Il y a 6 ans, l’économie américaine s’effondrait perdant 800 000 emplois par mois. La récession a même atteint un rythme de 8% par an. Le gouvernement injectait des milliards de dollars dans le système bancaire pour éviter qu’il s’effondre et les experts prédisaient que cela coûterait 2 000 milliards de dollars au contribuable. L’argent injecté dans le système financier l’a sauvé et évité la plus grande panique depuis les années 1930. Depuis les banques ont remboursé et au passage le contribuable américain a même gagné de l’argent.

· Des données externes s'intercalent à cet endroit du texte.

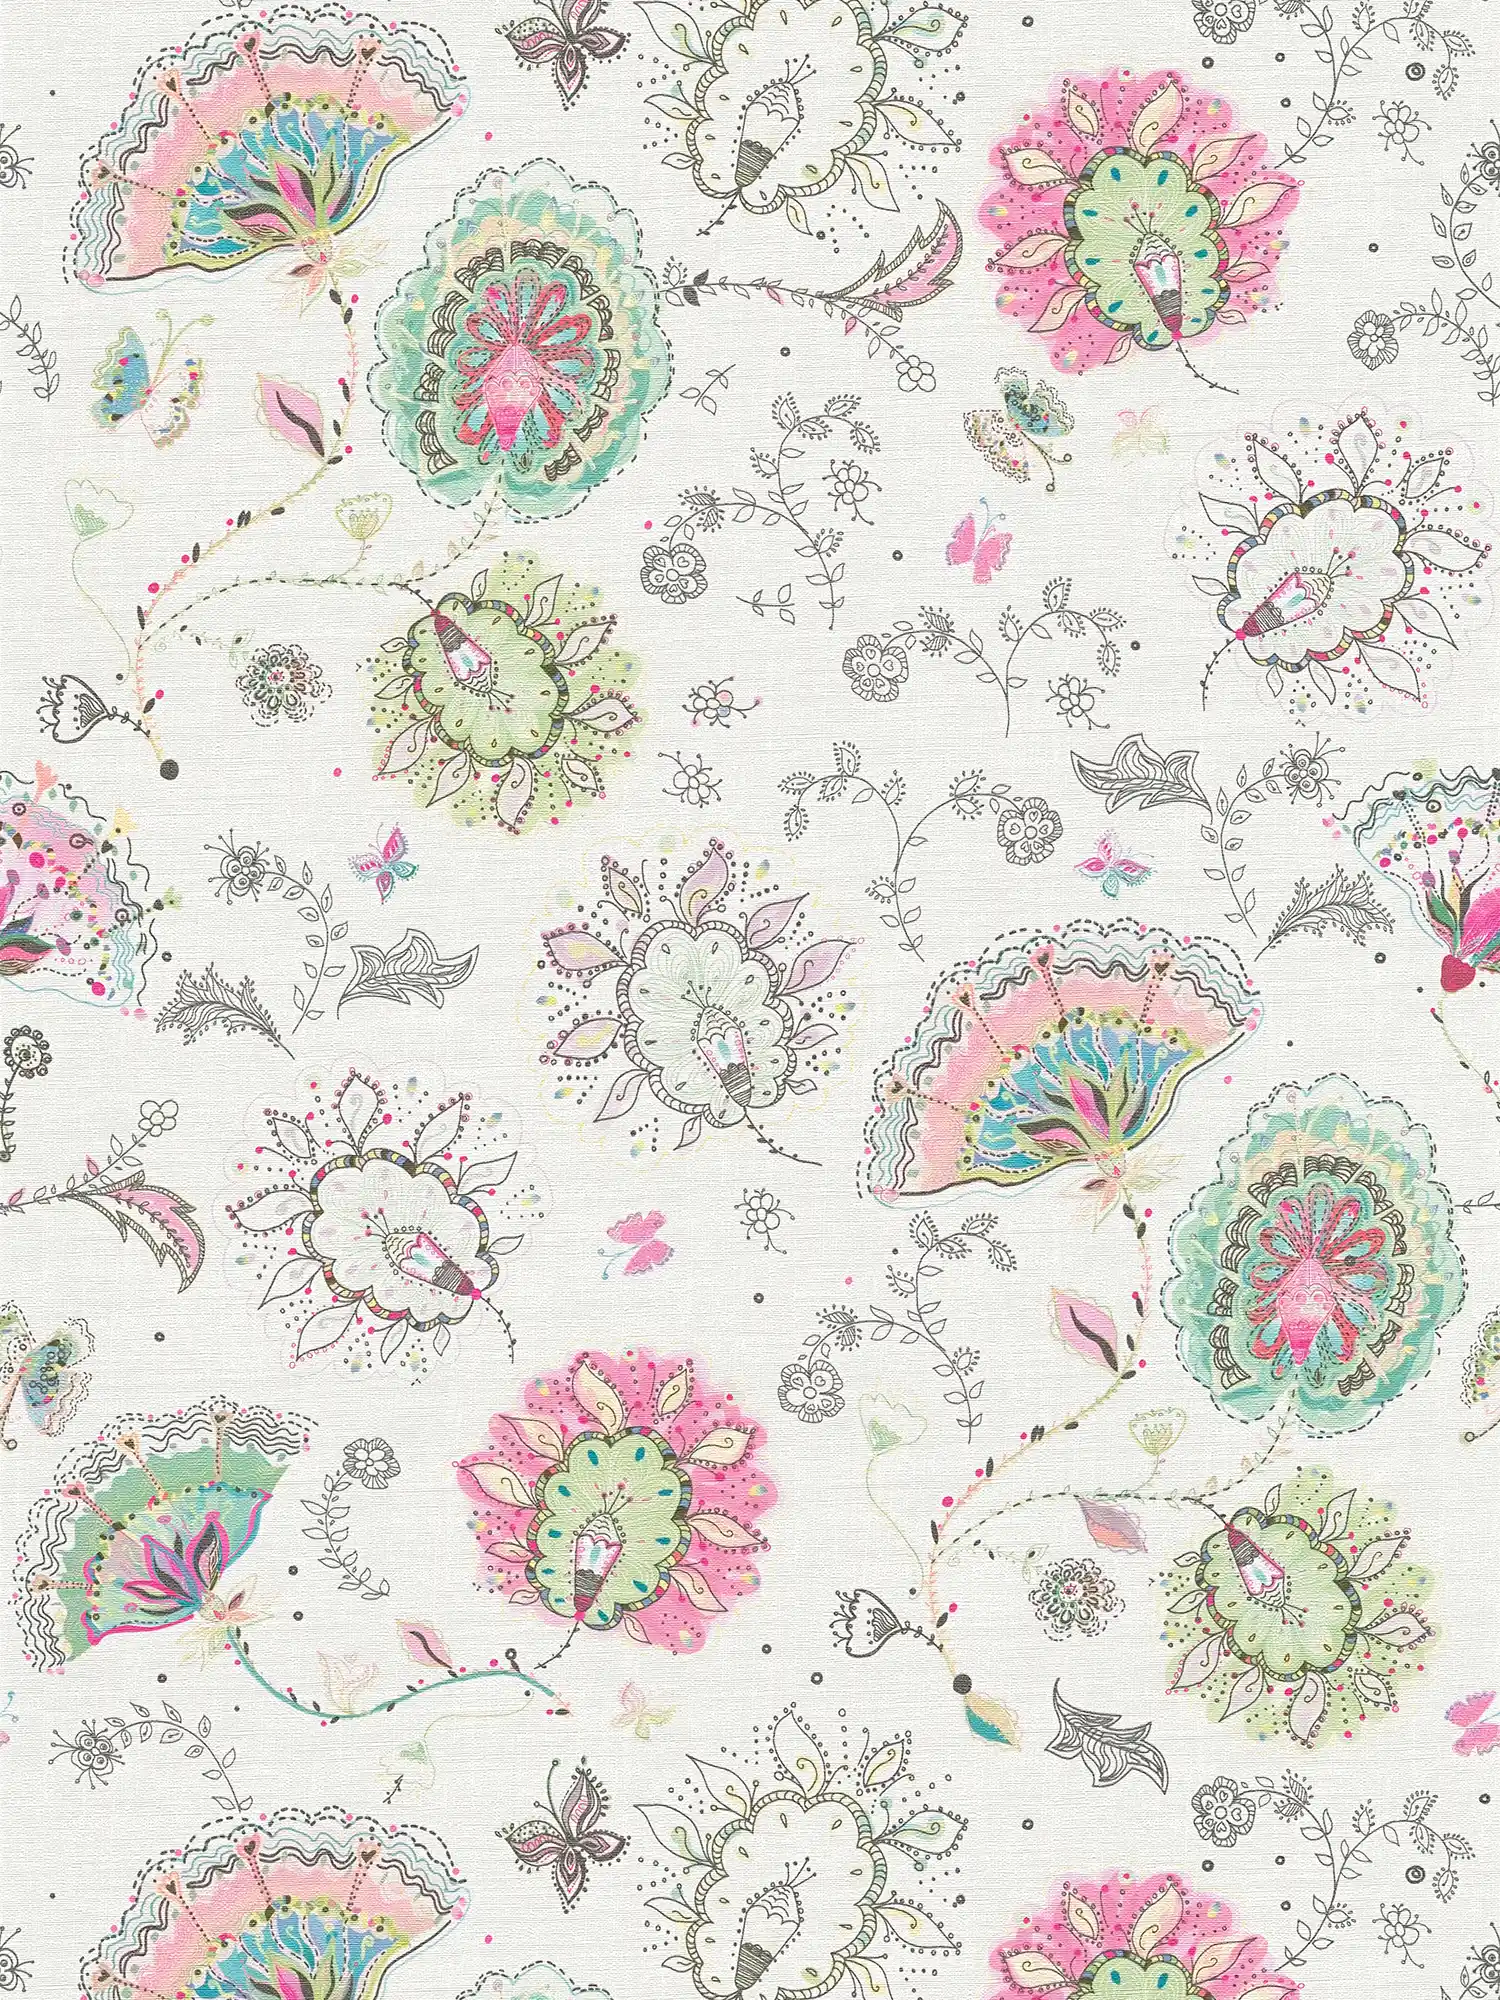 Papier peint à motifs floraux dans des couleurs vives - crème, vert, rose

Le vrai problème des Etats-Unis, c’est que la presse, comme en France, est incapable d’annoncer de bonnes nouvelles. Deux Américains sont morts d’Ebola et les chaînes d’information ont annoncé pendant des semaines qu’une épidémie catastrophiquee était imminente. Dans la même veine, le pays devait être submergé cet été par une vague d’immigrants venus du Mexique. «Personne ne va gagner le prix Pulitzer en reconnaissant que nous fumons moins, conduisons moins, gaspillons moins d’électricité et commettons moins de crimes», écrit Politico. «La police tue moins de civils et moins de policiers sont tués, mais de façon compréhensible après les tragédies de Ferguson et de Brooklyn, personne n’en fait état».

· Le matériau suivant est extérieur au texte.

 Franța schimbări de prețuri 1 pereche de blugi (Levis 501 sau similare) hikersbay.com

Enfin, la chute des prix du pétrole de près de 50% depuis juin est non seulement une divine surprise économique pour les Etats-Unis mais aussi sur le plan géopolitique comme le souligne le New York Times. Elle a «poussé plusieurs pays exportateurs de pétrole – particulièrement ceux hostiles à l’occident et à l’Amérique comme la Russie, l’Iran et le Venezuela – au bord de la crise financière». Et le changement sur le marché pétrolier pourrait être plus durable qu’on le pense généralement. Dans une interview fin décembre au Middle East Economic Survey, le ministre saoudien de l’énergie, Ali al-Naimi, a mis en avant le changement majeur de stratégie de l’OPEP, qui aujourd’hui cherche avant tout à conserver des parts de marché plutôt que d’essayer de faire monter les prix en réduisant sa production.

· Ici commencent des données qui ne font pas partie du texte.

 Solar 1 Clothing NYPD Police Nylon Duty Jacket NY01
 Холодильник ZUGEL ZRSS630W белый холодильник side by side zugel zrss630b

Alors bien sûr, les Etats-Unis ne sont pas un paradis sur terre et Politico le souligne. Le pays est toujours «miné par un système scolaire public inadapté, des infrastructures croulantes, un coût toujours plus élevé des études supérieures, des inégalités toujours plus grandes. De nombreux américains veulent que les banquiers sans scrupules, les tortionnaires et les policiers meurtriers rendent des comptes à la justice. Washington [le système politique américain] est toujours aussi dysfonctionnel..

Mais l’Amérique vient encore de prouver une capacité de rebond, de «résurgence» comme dit Barack Obama, unique.